Not Just Simple Supply and Demand: Five Other Places to Look at to Understand What Prevents Us from Achieving Housing Affordability in the GTA

Not Just Simple Supply and Demand: Five Other Places to Look at to Understand What Prevents Us from Achieving Housing Affordability in the GTA

We tend to discuss the rising unaffordability of housing in our city and tend to focus on supply and demand, and how it drives up the cost of housing and developable land. But while this is the #1 reason, together with the inadequate transit infrastructure, there are other critical areas we should get more attention:

  1. Construction Costs

While construction is a very competitive business, there are factors that make it much more expensive than it has to be.

The two big factors are the result of our regulatory environment. First, mandatory parking. A garage or a parking pad is a minor expense in a large house. (Even though building and maintaining the massive public infrastructure that provides access to that garage is definitely not a small expense!) But in denser developments that require underground parking, parking is a huge expense, with construction costs starting at $40,000-$50,000 per parking space and can go up to $100,000 per parking space in constrained sites or complex soils. And yet, parking is required almost everywhere: even in the heart of downtown Toronto, there hasn’t been a single large building that was allowed to avoid building parking altogether, and elsewhere parking is required (at a reduced rate) even right next to subway stations.

The other significant factor is that high-rise and mid-rise buildings are much more expensive to build than low-rise buildings because their structure has to be concrete instead of wood. However intensification is allowed in relatively few places, and to make the most of these few places it has to be very dense – and as a result expensive to build. What is missing is a smaller scale intensification in many more areas. In the case of mid-rise buildings, the complex restrictions on their form and their small-scale relative to high-rise building make them especially problematic. We discussed that in depth in our series Mid-Rise Buildings that Work.

Another factor is the industry norm of creating fully finished interiors. While there are economies of scale for these works to be done by the developer, they deprive the owners of the ability to save money upfront and finish the spaces gradually as funds become available – a practice that was the norm in the past. The Naked House concept which we wrote about here discusses the potential for a different approach.

  1. Pervasive Single-Family Zoning

Besides the fact that in most of the region it’s impossible to intensify even at a small-scale, it is also mostly forbidden to create secondary units (basement units or freestanding suites) in existing or new houses or build or convert existing buildings to duplexes and triplexes. Allowing these types of units would be very beneficial since while they add few units, they require very little new construction, and also have a negligible impact on the appearance of the neighbourhood.
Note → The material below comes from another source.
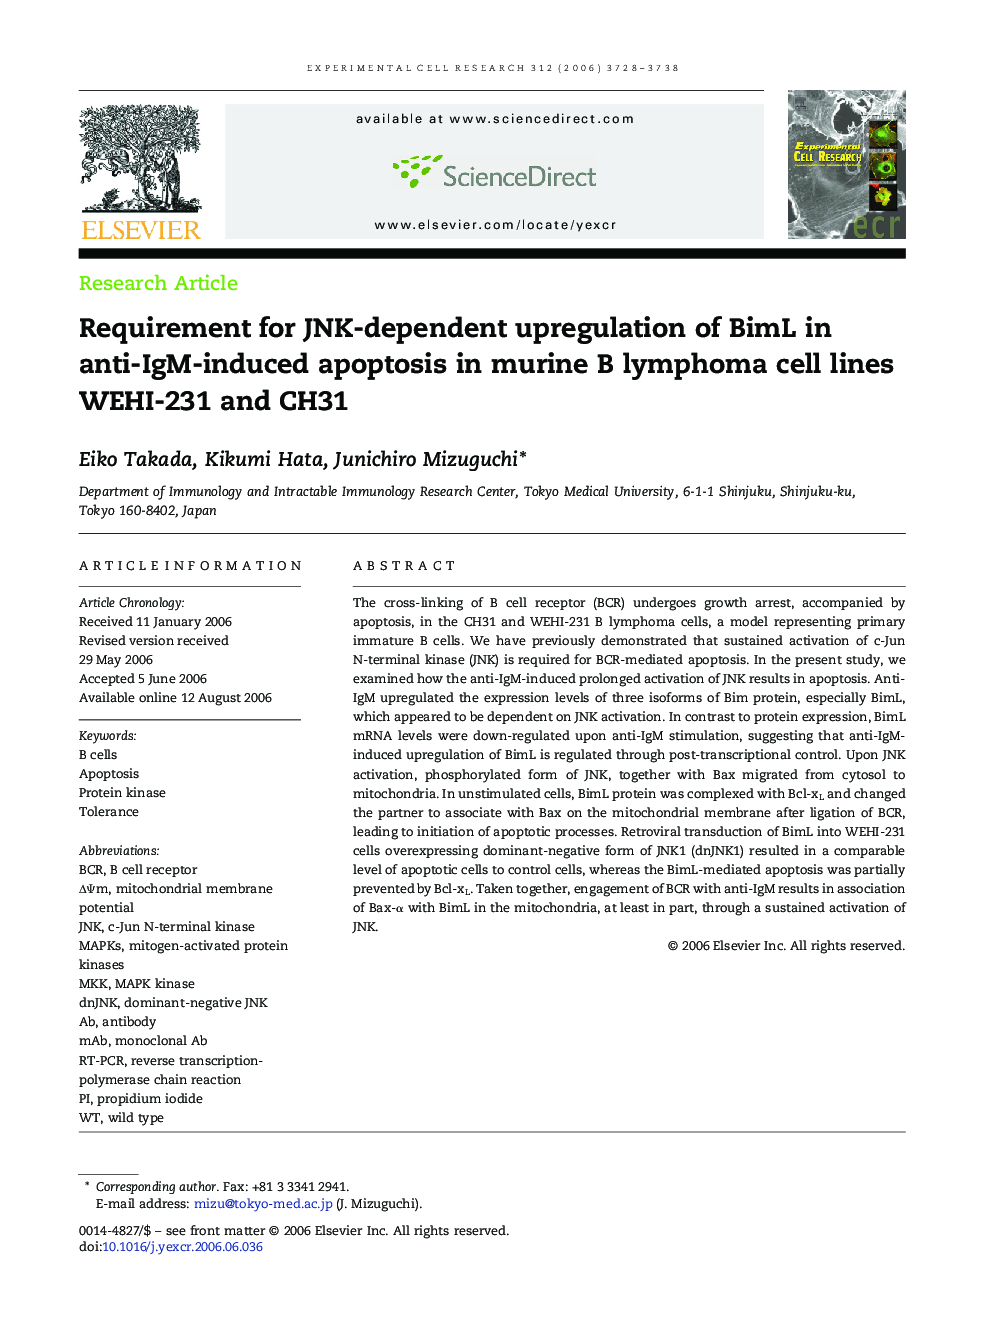 Requirement for JNK-dependent upregulation of BimL in anti-IgM-induced apoptosis in murine B lymphoma cell lines WEHI-231 and CH31

The City of Toronto has shown remarkable leadership regarding secondary units. The laneway program permits building secondary detached suites as-of-right on certain lots with laneway access. They even got another critical aspect right: parking. Parking requirements would make most potential secondary units impossible because parking spaces are impossible or very expensive to provide; the City eliminated the parking requirements for buildings that add laneway suites (in exchange for preventing the owners from asking for street parking permits if there is a shortage in parking).

Of course, this is still a tiny step. The program is limited geographically, and there are only so many lots with laneway access; more importantly, the most significant potential of secondary detached units lies in coach houses, and those aren’t being discussed at all. And of course, secondary units within the main houses are still impossible to create in most of Toronto and most of the GTA.

 

  1. Condo Fees

Condos can be much more affordable than freehold homes – but the high maintenance fees of condos can make them very expensive to own. In buildings without special amenities the fees usually start at 50 cents per square foot, and in older buildings can be as high as $1.00 per square foot. In a 3-bedroom condo of 1,200 sf, that would mean be between $600 and per month in a new building and almost $1,200 for an older building that is not in very good shape.
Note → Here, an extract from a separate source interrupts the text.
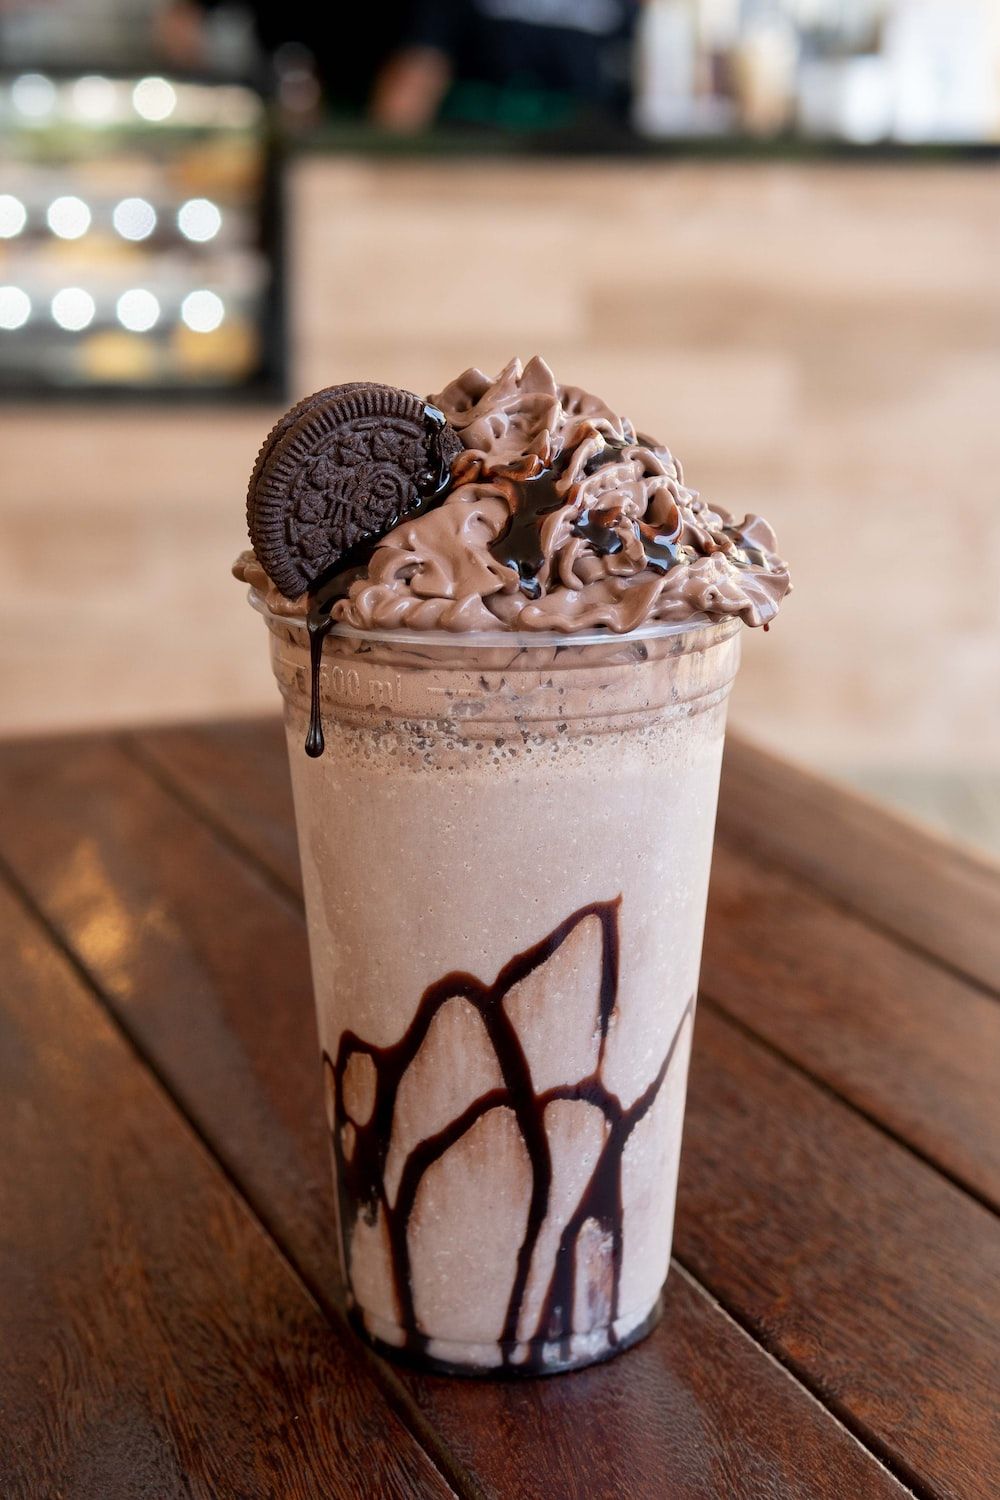 A milkshake with Oreo cookie and chocolate drizzle on top - Oreo

Of course, freehold properties also have maintenance requirements, but a 1,200 square feet house would average only $200-$300 per month. So what accounts for the difference?

There are two big reasons. First, large buildings are more complex with elevators, underground garages and HVAC systems that run through the entire building, and their maintenance and replacement are costly. Amenity areas, which are mandated by the municipalities but usually underutilized by the residents, also add to the cost. There is room to reduce those costs with better system selection and design, re-examining the need for abundant amenity spaces, and (again) the need to require parking.

However, there is another factor driving maintenance costs up. Ontario regulations require that besides the money that is necessary for ongoing maintenance, condo boards charge enough to create a reserve fund that takes into account the long-term replacement requirements for all building systems such as elevators, HVAC and the building envelope. Preparing for the future is great in principle, but the requirements are quite strict and might be unnecessary conservative.

As a result, maintenance fees in Ontario and especially the GTA condos tend to be higher than in other cities, making condo living a less appealing choice.

  1. Inflexible Built Environment

Adding density only works well with usable public transit and urbanism – otherwise, it only contributes to congestion and a less appealing environment. A small portion of the GTA already has both usable transit and good urbanism, but most areas lack both. Both transit and urbanism can be introduced –in the right circumstances.

With new transit, intensification can work in places that can be completely transformed. For example, the Vaughan Metropolitan Centre area, originally a typical car-oriented industrial and commercial zone, recently received a new subway station and it is being transformed not only with new development but also with the introduction of a new walkable street network and parks. However, it could only be transformed so thoroughly because it was made of large non-residential lots and had no immediate neighbours to oppose it.

It can work much more cheaply if the area has good ‘urban bones’. A good example is Eglinton West, where an LRT is being built and the area is being intensified with new development. It works to improve the area because this is a mid-century suburb with a street grid that makes walking easy, and there are commercial uses on the main street that can provide urban amenities.

However, most of the built-up area in the GTA was built after the fifties and were designed only for driving. The major streets are very wide and usually have residential lots backing into them, with occasional commercial lots that can be redeveloped but wouldn’t be able them to create continuous street-fronting retail. Local streets are usually indirect, making even walking to potential transit on the major streets hard – which also makes providing good transit in those areas harder. In those newer suburbs, even places where you are just a short bus ride away from a railway station, won’t accommodate intensification easily, and that will pose a big challenge in the next few decades.

  1. “Must Own a House with a Backyard” State-of-Mind

The GTA has long ago outgrown the small city phase where it was geometrically feasible for almost every family to live in a large detached house with a backyard and still enjoy bearable commute times.

While there is more openness for denser living amongst the childless, there is still a mentality that it is almost child abuse to not raise your children with a backyard. Regardless of the broader consequences, we find this mindset of preferring a house over a compact environment very selective since after a few years of enjoying the backyard, instead of becoming independent, when the children become teenagers they remain completely dependent on their parents to get anywhere.

And this idea is not only prevalent amongst the homebuyers; many policy-makers share the same mindset, which is one of the big reasons that issues 1-3 are not easy to solve. At the end of the day, no matter how many new condo units we will build and how much investment we make in transit, the region won’t become affordable for families as long as we believe that the only “proper” way to raise children is in a house with a backyard.